When whitespace isn't whitespace, but it is white [:space:]

After much wrestling with hexdumps, Matthew highlighted an issue for us today of the stealthy ninja linebreak. Here it is. Are you ready? Right: "
"

Did you spot it? Unlike all the other linebreaks in this Wordpress post, it hasn't been converted to a <br/> or <p/> tag, so Wordpress didn't. Not entirely fair of me to expect it to, though, as strictly speaking it's the line separator, \u2029. It has a nonidentical twin brother, the paragraph separator, \u2030. A shady pair of characters, these two: intended for printing use rather than computer use, like many of the other (horizontal) spacings in the General Punctuation code chart.

The reason that Matthew even noticed something was going funny in the first place was that Coldfusion's JSStringFormat doesn't escape it, but some output streams entirely filter it out. Javascript would see whitespace and sometimes die with formatting problems, but text dumps of the database revealed nothing at the command line. It was a sort of Mandelbreak, appearing and disappearing as if by random until he revealed it by dumping the actual bytes.

Ultimately, though, if you're filtering out high-end codepoints, why should you care? Well, imagine someone typed this into your site:

ja
vascr
ipt:alert("foo!");

If that looks like a blatant Javascript link to you (it does to me, on Firefox 3), then check the source. So: on the round trip from user input, through filters, into the database, back out again and then to whatever rendering system you're using: can you be certain that those line separators wouldn't just magically disappear, leaving you with some cross-site scripting?

Normalizing whitespace---reducing all whitespace clusters down to a single space---is a useful way of at least taking the sting out of such odd characters. Matthew initially mentioned as a problem that:

Firefox's Javascript parser (and possibly others) treats it as an end-of-line if it encounters one

But this can be put to good use: assuming it's consistent in its parsing at all levels, Javascript should have an innate understanding of whitespace beyond the ASCII character set. So it should spot the stealth spaces and be able to normalize them. Putting '\s' in the input field on this tester script does indeed return a list with both \u2028 and \u2029 are both on the list.

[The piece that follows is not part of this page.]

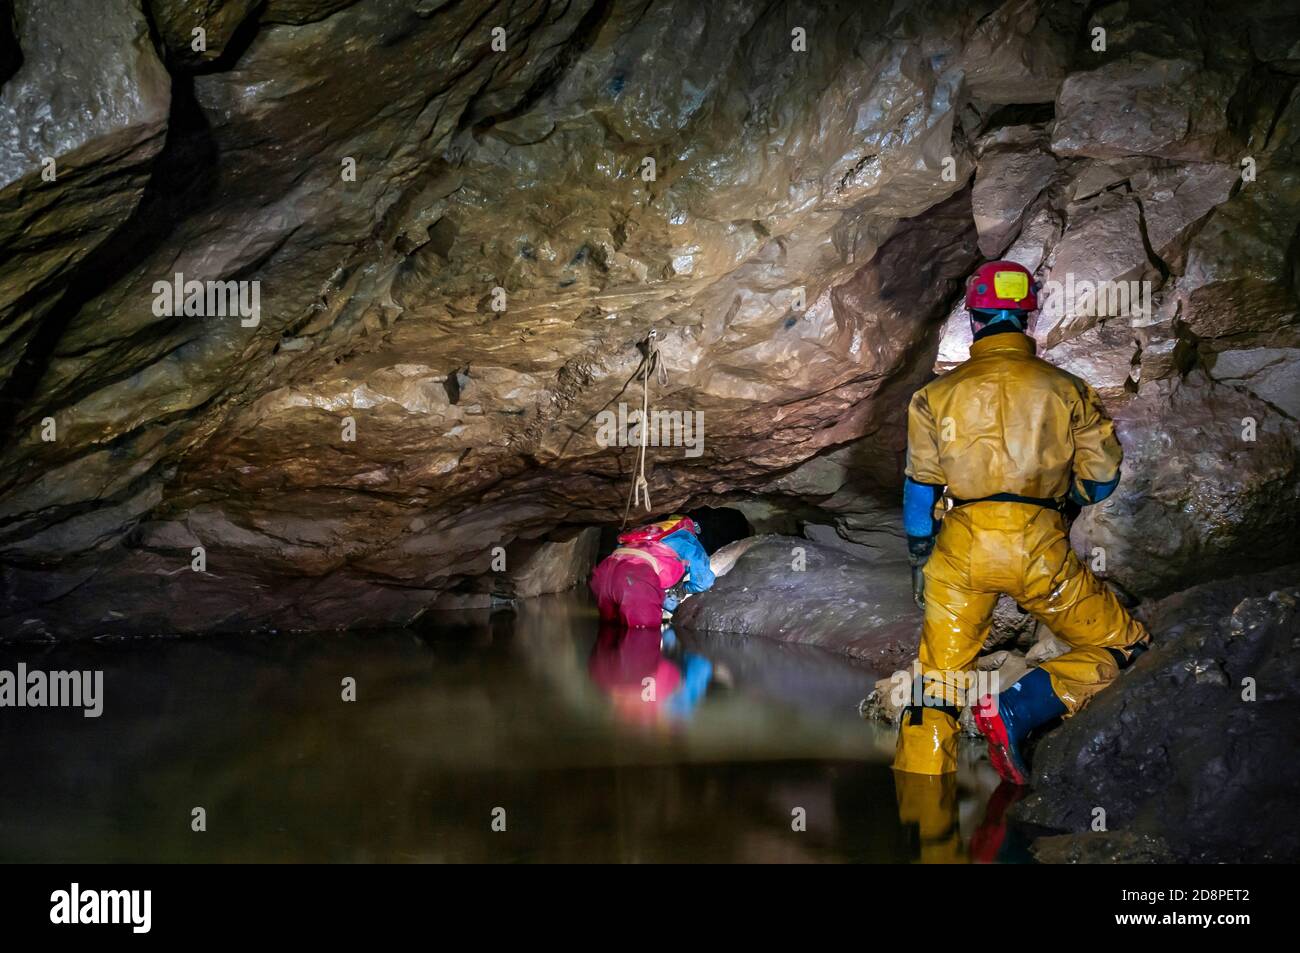 A part-flooded natural cave chamber with a lead miners' tunnel blasted at the far end, in Speedwell Cavern in Castleton, Derbyshire. Stock Photo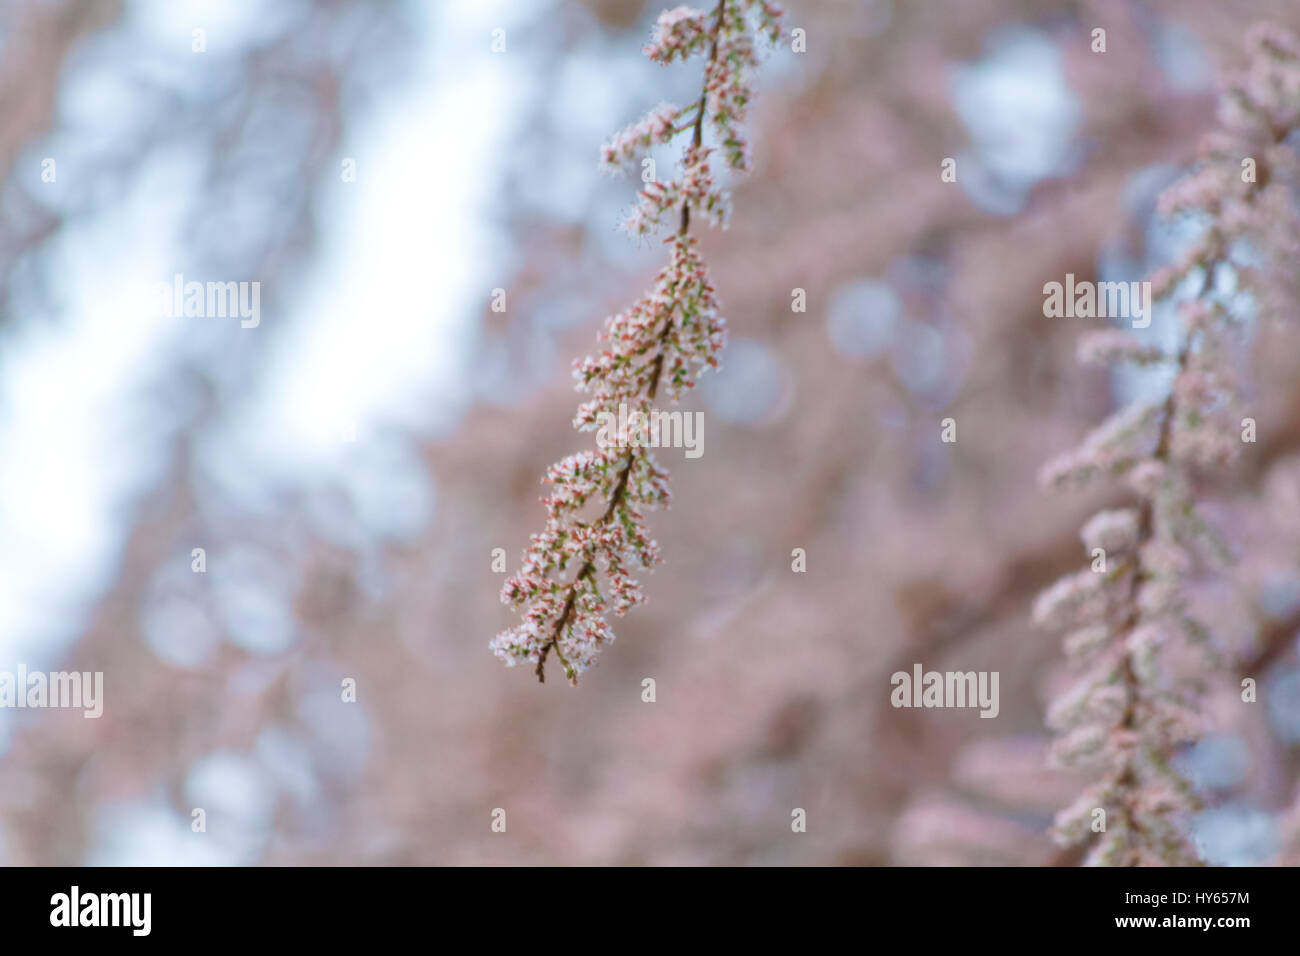 blurred texture of a Sakura bloomed branches Stock Photo

So if you're accepting user input then your first set of gatekeepers could be this code, running when a form is submitted:

jQuery(":input").each(function(i) {
  jQuery(this).val(jQuery(this).val().replace(/\s+/, " "))
});

You should never depend solely on browser-side sanitization, of course, as whatever you get the browser to do, a cross-site scripter can fake having done.

An equivalent server-side solution would be to use a regex parser that supports, whether implicitly as '\s' or explicitly as '[:space:]', POSIX character classes. These are regular expression terms in square brackets, based on a special colon-delimited marker: "[:space:]" means "any one of all the ASCII whitespace characters, plus any character which has the Unicode \p{Z} character property" (character properties are Unicode's equivalent of character classes). Picking a handful of technologies, Coldfusion claims to support POSIX classes; Python will support them in version 2.7 (a quick test suggests that '\s' in the re module is limited to catching only ASCII whitespace); and Opera was patched in version 9.52 only a couple of months ago to prevent XSS attacks utilizing these very characters.

Until there's a straightforward way, in a large and distributedly developed project like blogging software or a framework, to catch all the looky-likey high-codepoint whitespace, then only whitelisting---of characters and of markup---will really guarantee that the content you let into the system will resemble---both in security terms and byte by byte---the content you finally release. So how safe is your site, and how robust your offline content workflows?